Stalks, husks and other crop waste show promise as feedstock for sustainable biofuels, but finding microbes that can convert woody plant matter into fuel at industrial scale has proven difficult.
Now, Princeton researchers have taken a step toward engineering a bacterium that converts the material cellulose, found in nearly all plants, into fuels and valuable chemical products. That process requires two steps. The first step is to break the tough cellulose into sugars that a microbe can actually eat. The second step is to eat those sugars and metabolize them into fuel. Few microbes can perform either of these steps efficiently, and currently none can do both at industrial scales.
In a study published Jan. 27 in the journal Applied and Environmental Microbiology, the Princeton team looked at the metabolic system of the bacterium Anaerocellum bescii, which can tackle both steps in this process. Previous work showed how this organism releases enzymes that chop the cellulose into bite-sized sugary chunks — a rarefied skill made even more valuable because the microbe thrives in the high temperatures native to bioprocessing systems. The Princeton study identifies the proteins responsible for pulling those chunks inside the microbe’s cell to be metabolized into fuel and shows how editing the organism’s genome can make the microbe even more useful.

“These bacteria are very good cellulose degraders,” said Jonathan Conway, assistant professor of chemical and biological engineering and the study’s principal investigator. “This is the process that they use to eat the sugars from cellulose. It is really central to why they’re useful and interesting.”
To explore this, the researchers deleted the genes they thought were responsible for the transporter proteins that bring cellulose-derived sugars into the cell. The strain missing those genes could eat other sugars but not cellulose, confirming that those proteins are essential for feeding on cellulose.
“The only way for metabolic engineering to really progress is by having a much better sense of what you are trying to engineer in the first place,” said Hansen Tjo, a fifth-year graduate student and the paper’s first author. Understanding the physiology and basic biology of this bacterium, he said, can open the door to engineering the microorganism for industrial applications.

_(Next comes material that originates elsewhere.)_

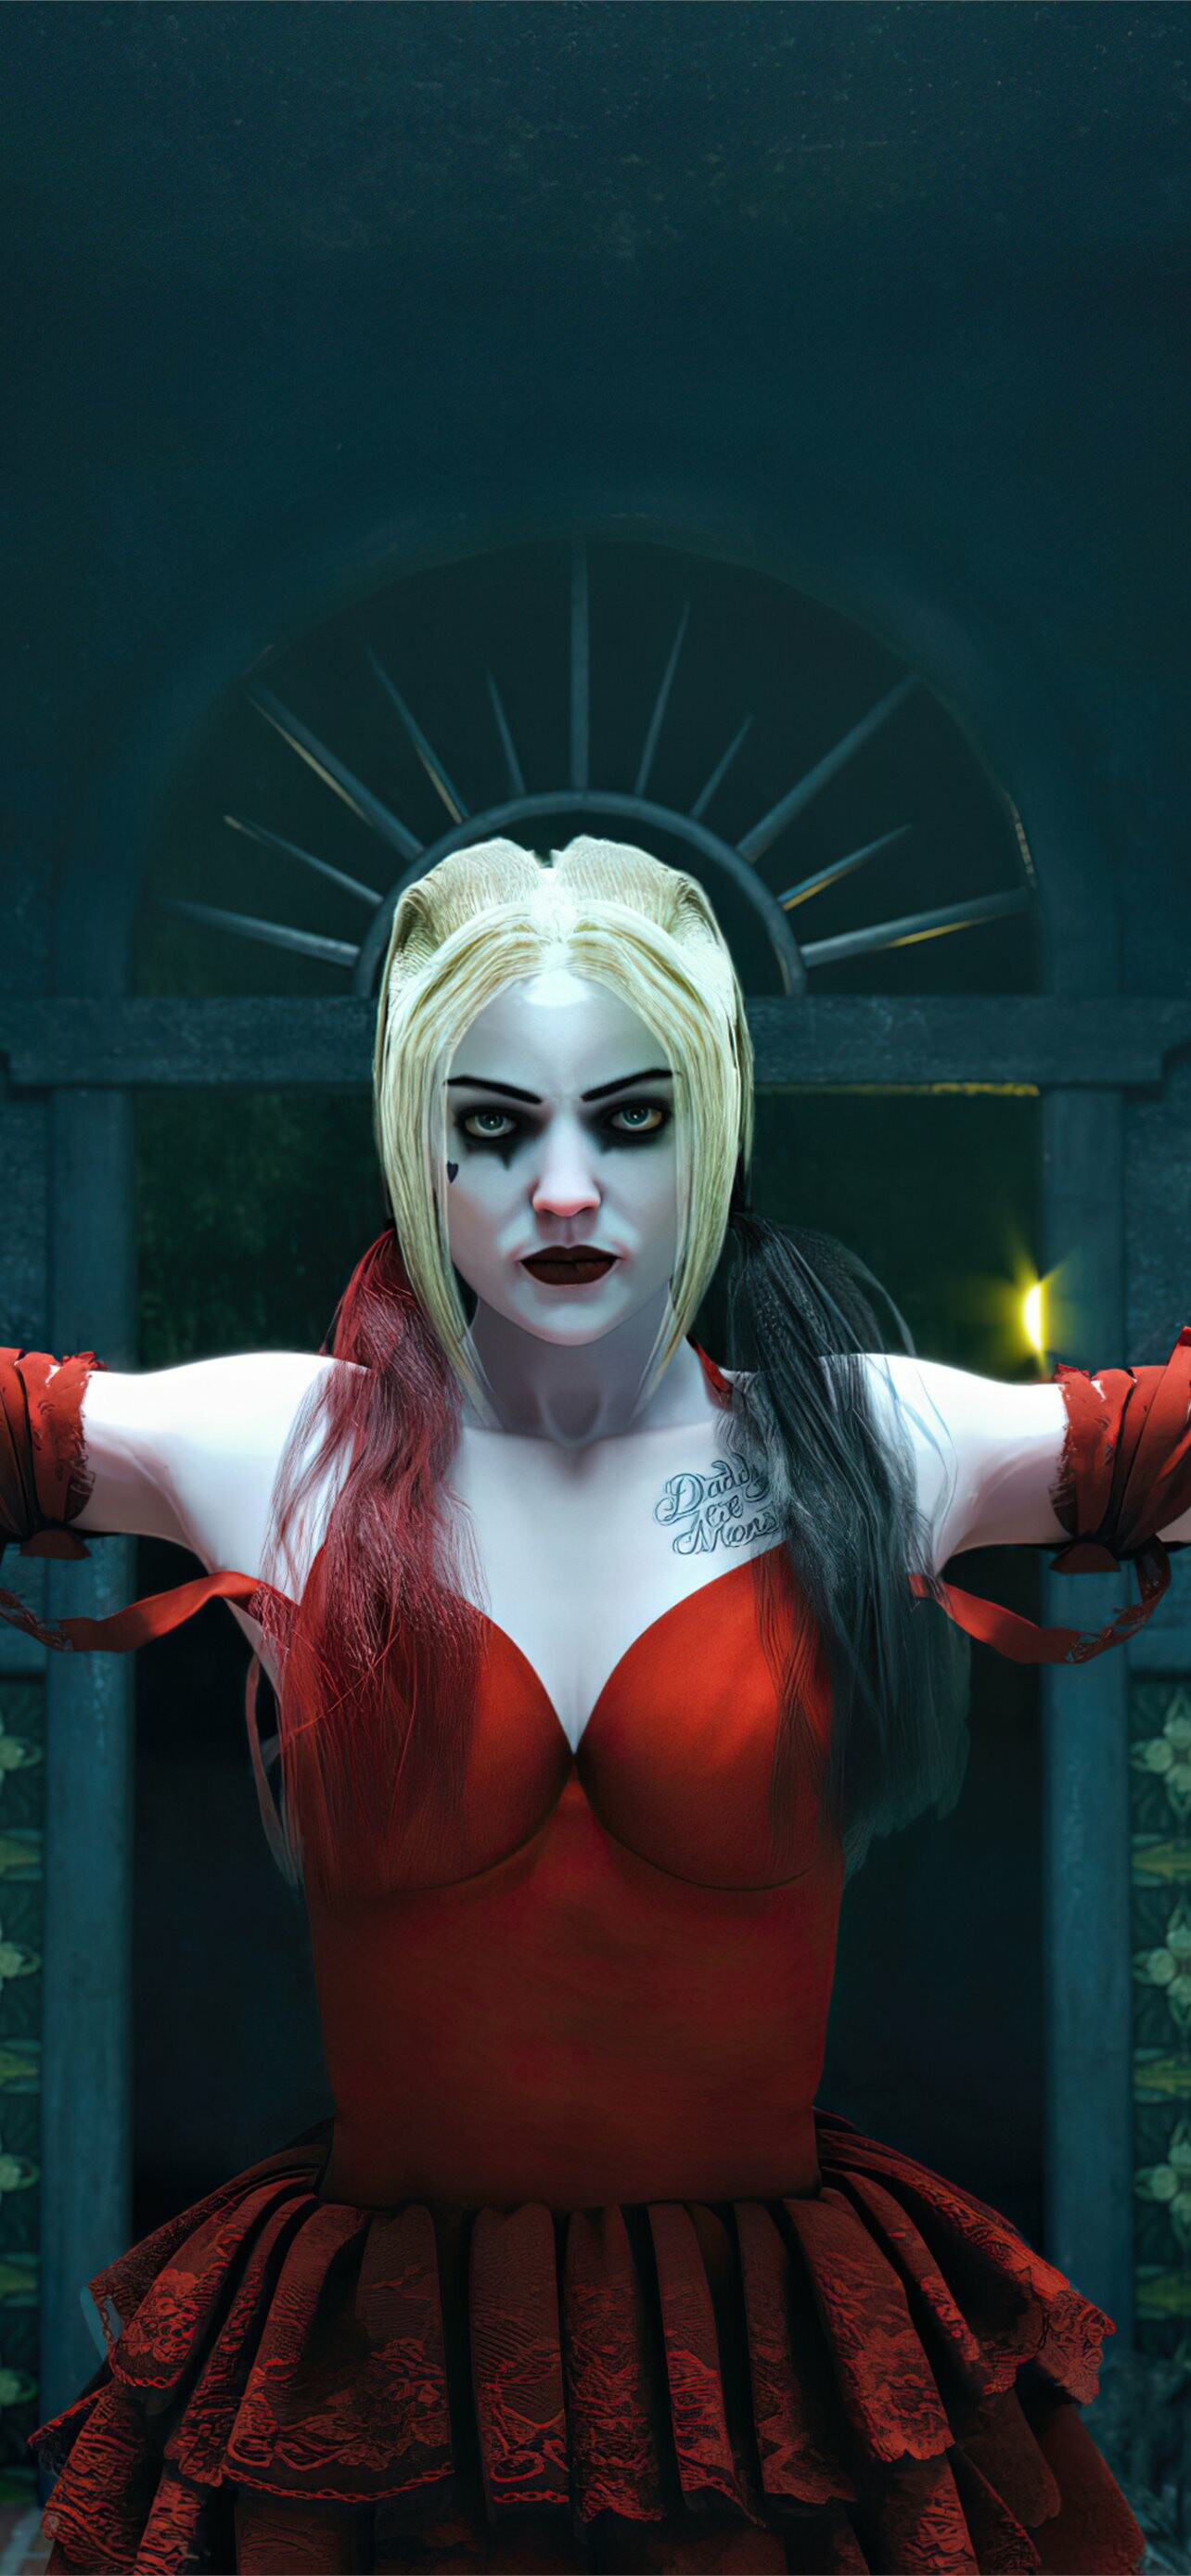 Suicide Squad: Robbie's portrayal of Harley Quinn has received widespread critical acclaim. 1290x2780 HD Background.

Conway said the larger goal is to find and engineer microbes that can work together in a single system. “Instead of having the enzymes that you make and dump on the plant biomass, and then take the sugar and feed it to yeast, the consolidated bioprocess is to try to put all of that in one pot,” he said. “So, have one organism that makes the enzymes, eats the sugar, makes the product.”

He said in conventional bioprocesses, making the enzymes is often the most expensive part. Anaerocellum bescii is already very good at making enzymes to break the cellulose into edible sugars. This study helps clarify the next step in that process by showing how the bacterium takes up and uses those sugars. It could be possible to engineer two different strains of the bacterium that work together: one focused on producing the enzymes, the other focused on eating the sugars to make the product.
The world generates hundreds of millions of metric tons of crop waste every year, Tjo said. “What if we could turn all that crop waste into sustainable fuels or chemicals instead of relying solely on fossil fuel-based sources?”
The paper, “A highly conserved ABC transporter mediates cello-oligosaccharide uptake in the extremely thermophilic, lignocellulolytic bacterium Anaerocellum bescii(f. Caldicellulosiruptor bescii),” was published Jan. 27, 2026, in the journal Applied and Environmental Microbiology. In addition to Tjo and Conway, the authors include graduate student Virginia Jiang, undergraduate student Anherutowa Calvo, and Jerelle Joseph, assistant professor of chemical and biological engineering.